Now let’s wrap up with a picture of what happens when the duty cycle is not 50% and we have an arbitrary shift in the square wave. We’ll have a non-zero average value, and we’ll have a non-zero values for all of the a and b coefficients of the of the Fourier series.

The top half of the plot shows the square wave (black), the sum of the first ten harmonics (blue), and the sums of the first several odd and even harmonics (green and red). The lower half shows the frequency space representation with the amplitudes of the cosine and sine coefficients—or equivalently the real and imaginary parts of the Fourier transform. (The relative amplitudes of the real and imaginary parts are controlled by time-shifting the wave: a time shift is the same as convolving with a single delta function positioned away from t=0, and this is the same as multiplying by a complex exponential—a pure phase term—in the frequency domain.)

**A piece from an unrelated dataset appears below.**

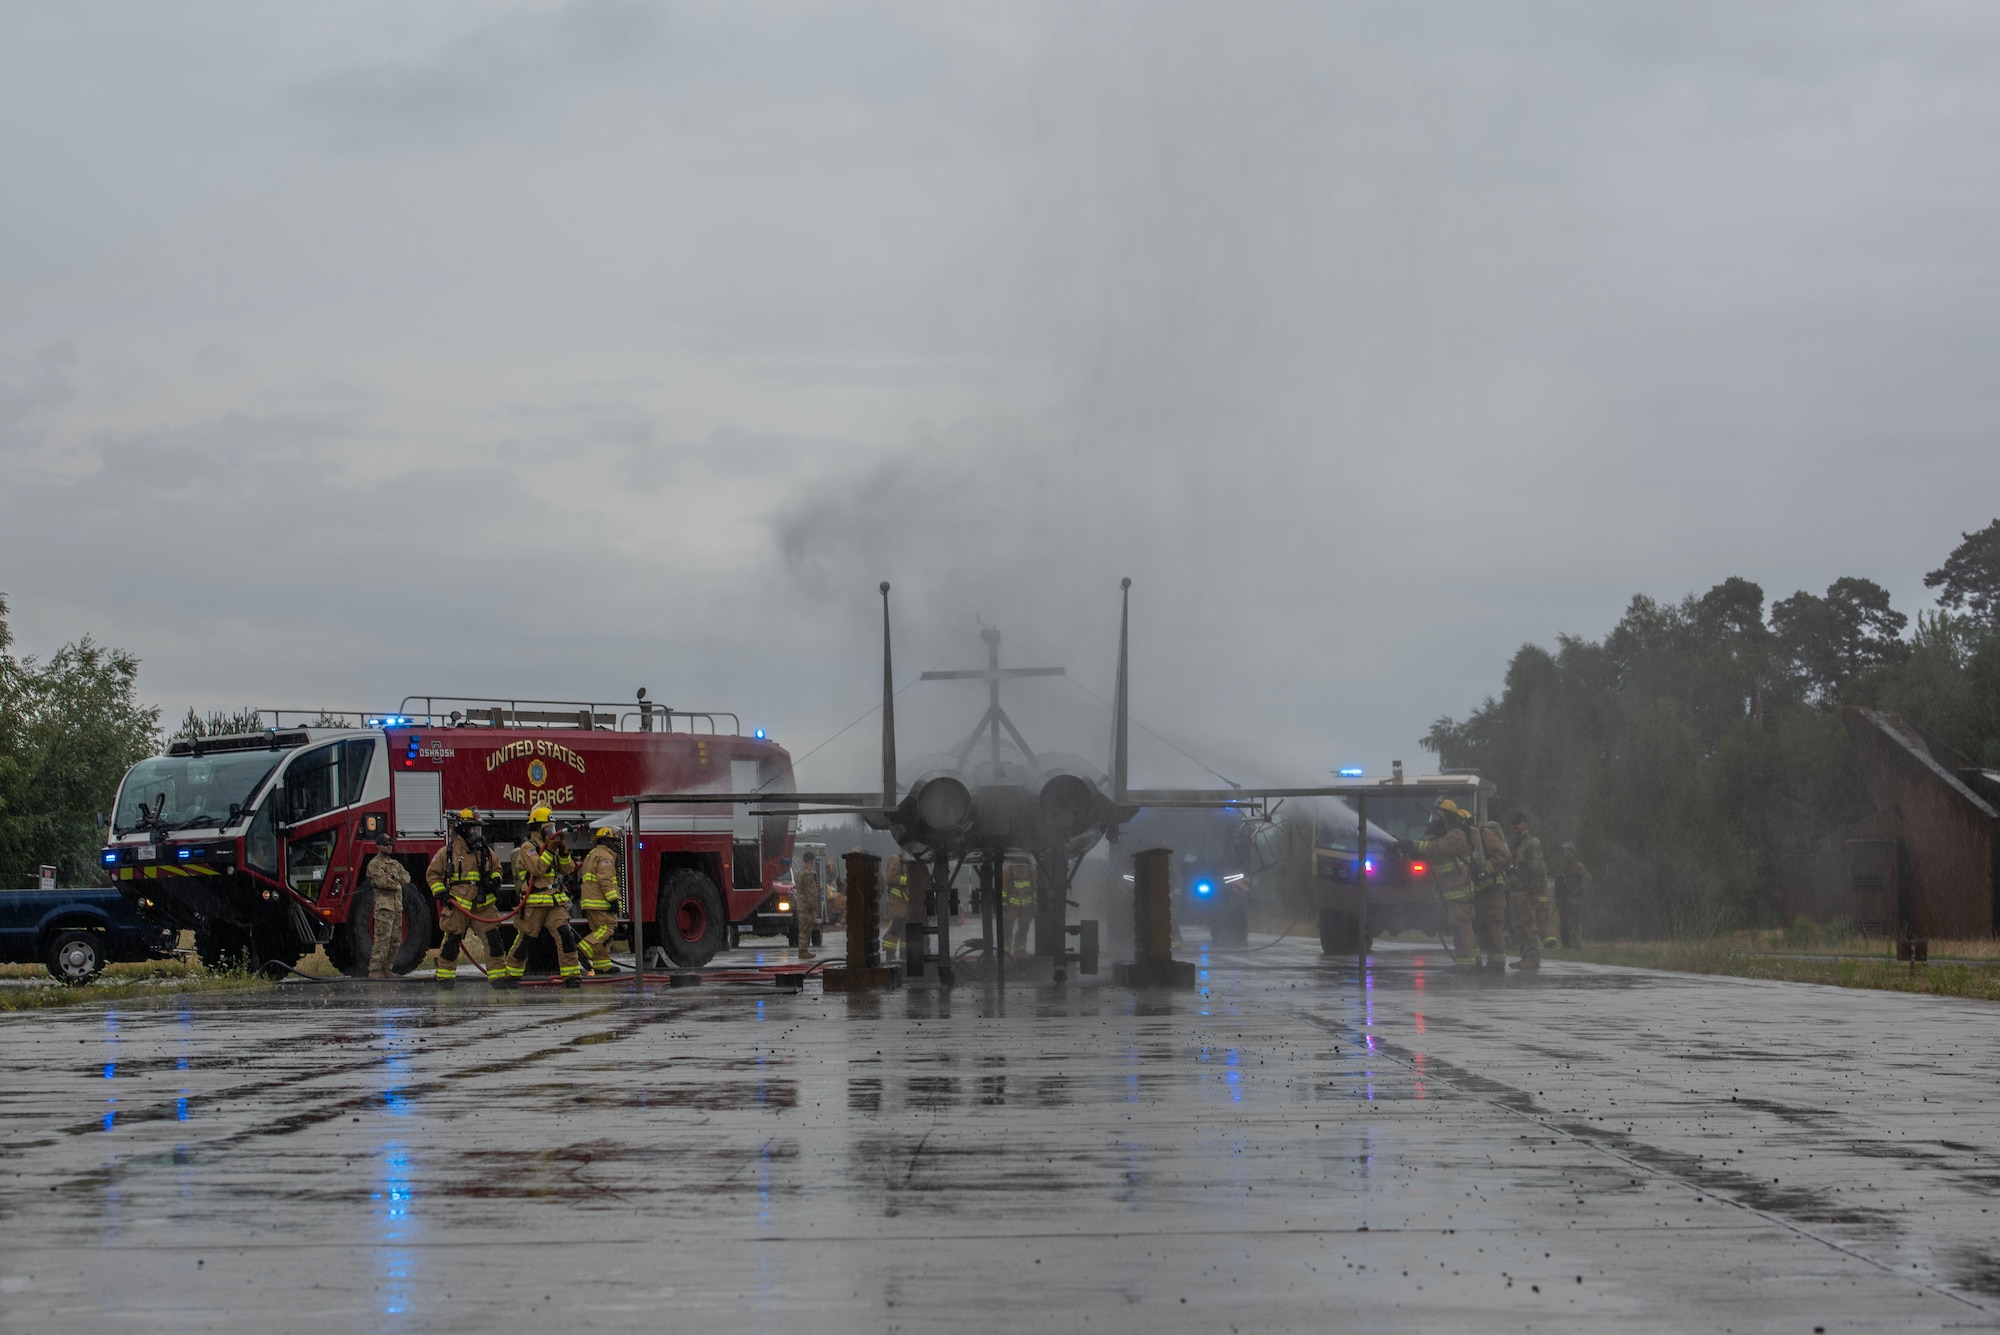 Firefighters use a hose to spray down an F-15 aircraft replica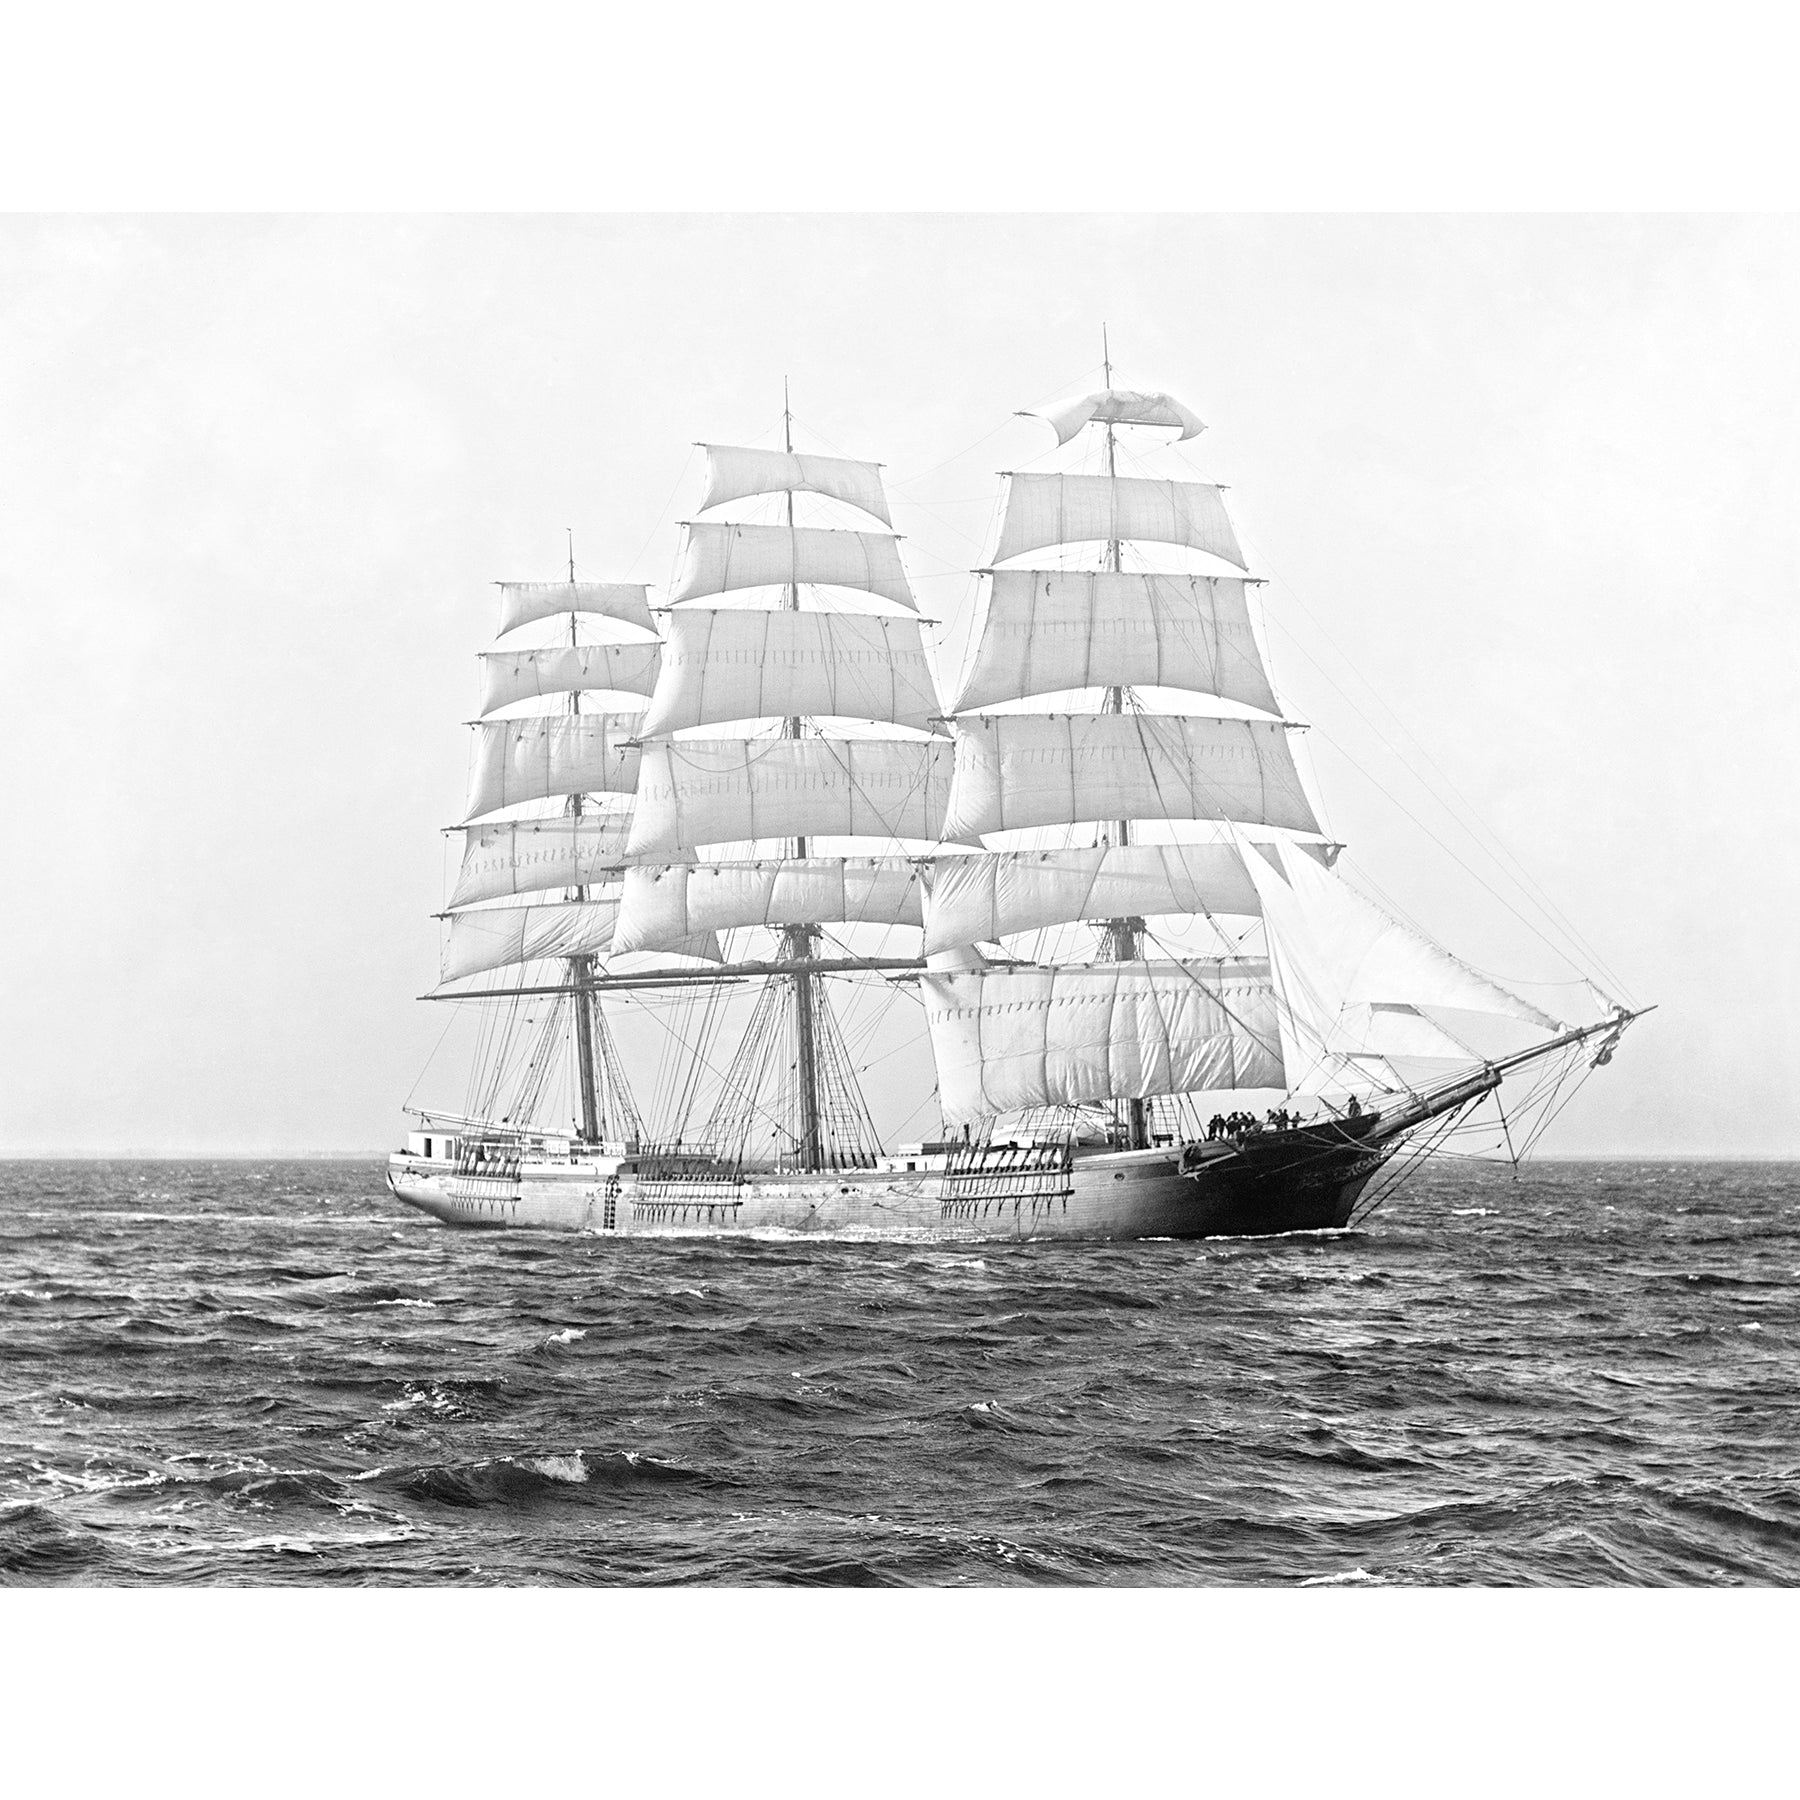 A vintage, black and white photograph of the Clipper Ship St. David on the water

So that was kind of a long road over three posts, and it may not seem very practical yet. But understanding transitions between time and frequency and basic Fourier transform properties—especially the convolution-multiplication duality—are fundamental to countless engineering problems in analog and digital signal processing, wireless communication, and optics. (Lenses can do Fourier transforms in space). An upcoming post will look at how understanding these principles helped us find the source of unwanted emissions from a motor drive circuit, so stick around for that.